Just like the scientific discoveries of teflon, the pacemaker, and the microwave, the discovery of a caterpillar that eats plastic was accidental. Biologist Federica Bertocchini was tending to her beehives and used a polyethylene shopping bag to keep out pests like the wax worm, which is also known as the larvae of the moth Galleria mellonella.
This worm is known for infesting bee hives and eat their honey and wax, Bertocchini was surprised to see the shopping bag used to protect the hive covered with holes. So she got in touch with her colleagues at the University of Cambridge, Paolo Bombelli, and Christopher Howe, “Once we saw the holes the reaction was immediate: that is it, we need to investigate this.”
Given the rate at which we produce, use, and toss plastic bags, the idea of a creature that eats them is a revolutionary find. In america alone we use about 102 billion plastic bags per year, and globally we use a trillion plastic bags annually. About 38 percent of plastic bags end up in landfills, where it takes more than 1,000 to start decomposing.
So with this in mind, the team began researching this wax worms plastic-eating habits. They feed a plastic bag from a UK supermarket to 100 wax worms. Then the worms started to create holes in the bag after 40 minutes; 12 hours, they had eaten the bag to the mass of 92 mg. The wax worm can biodegrade plastic at a rate of 0.13mg of plastic a day.
The key to the caterpillar’s talents could lie in its taste for honeycomb, say the scientists.
“Wax is a polymer, a sort of ‘natural plastic,’ and has a chemical structure not dissimilar to polyethylene,” says Bertocchini.

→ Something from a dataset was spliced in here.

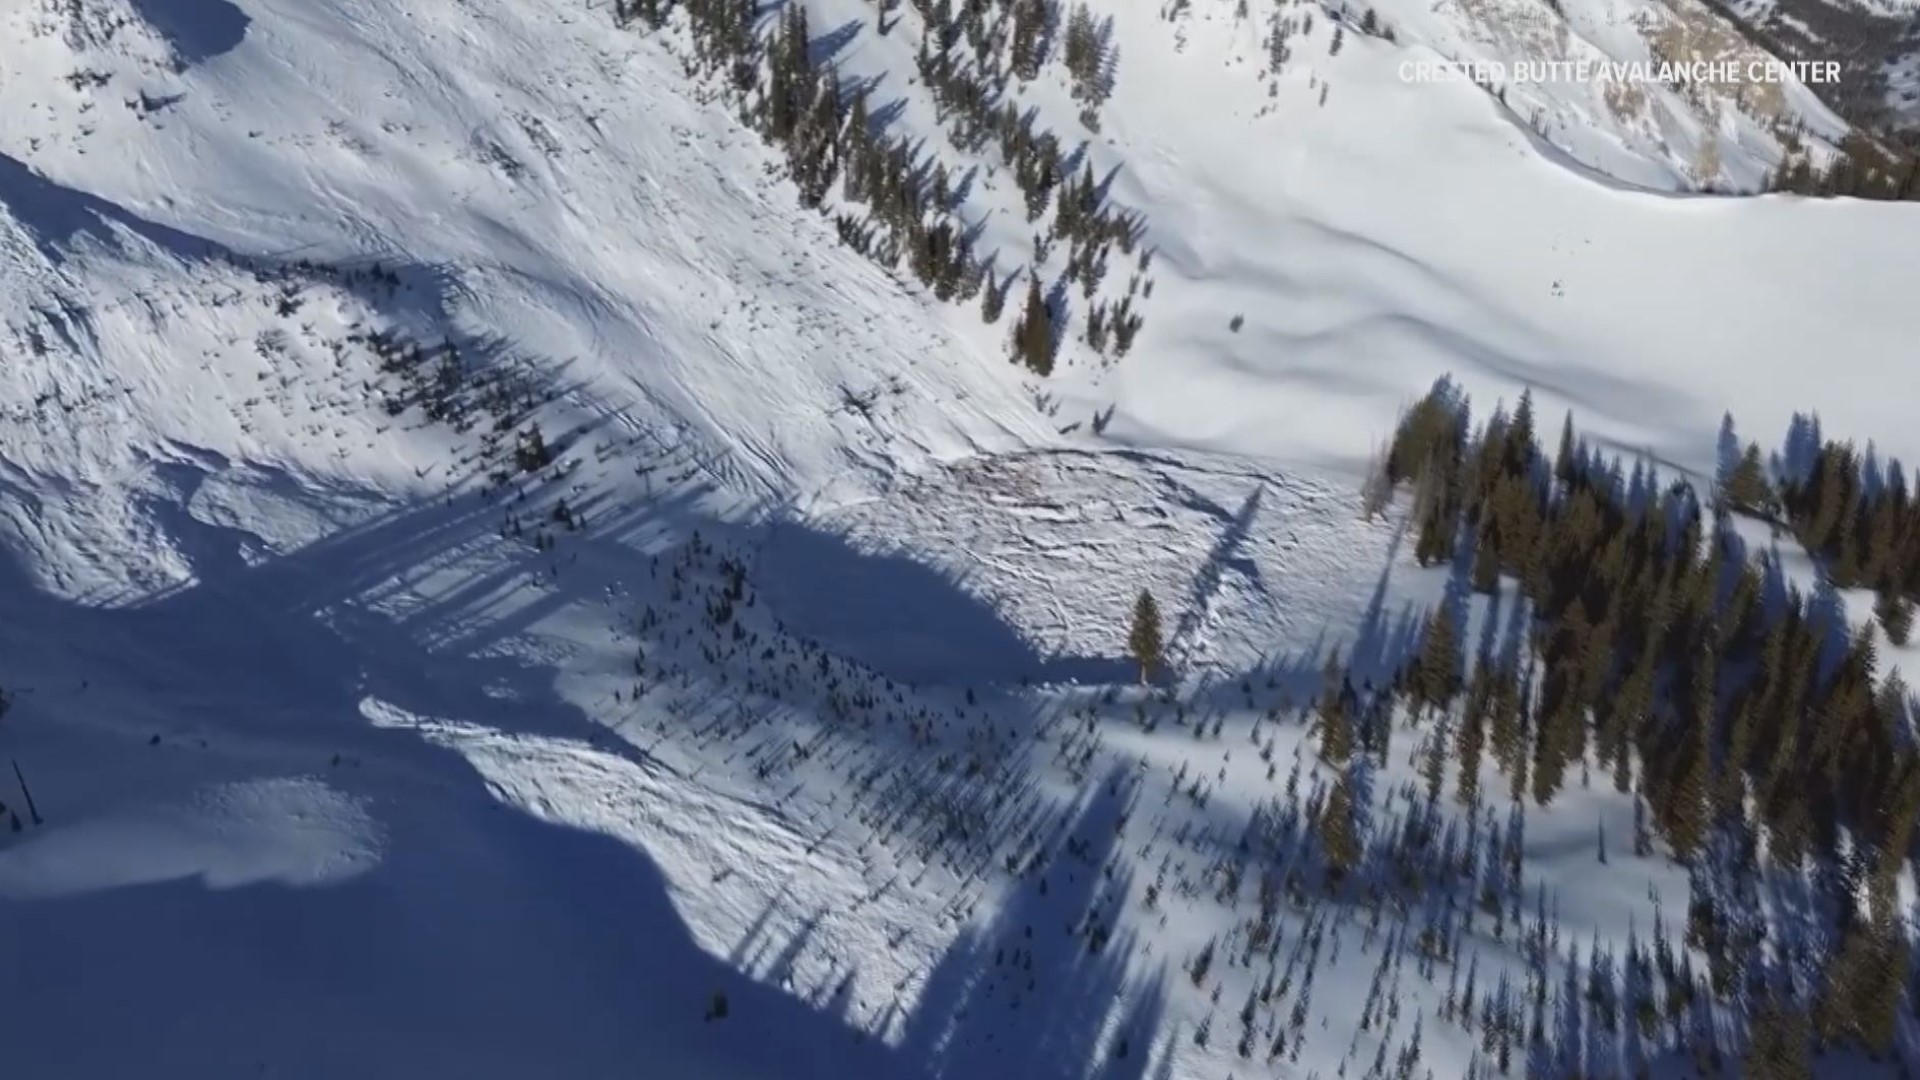 In Colorado, forecasters are warning that persistent slab avalanches — the most powerful and destructive type of avalanches — are happening in throughout the state.

The researchers considered that perhaps the plastic was being broken down by the mechanical action of chewing, but proved otherwise.

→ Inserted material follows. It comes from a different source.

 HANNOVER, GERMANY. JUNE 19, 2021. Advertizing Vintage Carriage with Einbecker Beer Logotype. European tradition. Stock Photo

“The caterpillars are not just eating the plastic without modifying its chemical make-up. We showed that the polymer chains in polyethylene plastic are actually broken by the wax worms,” says Bombelli.
The worms transformed the polyethylene into ethylene glycol. “The caterpillar produces something that breaks the chemical bond, perhaps in its salivary glands or a symbiotic bacteria in its gut. The next steps for us will be to try and identify the molecular processes in this reaction and see if we can isolate the enzyme responsible.”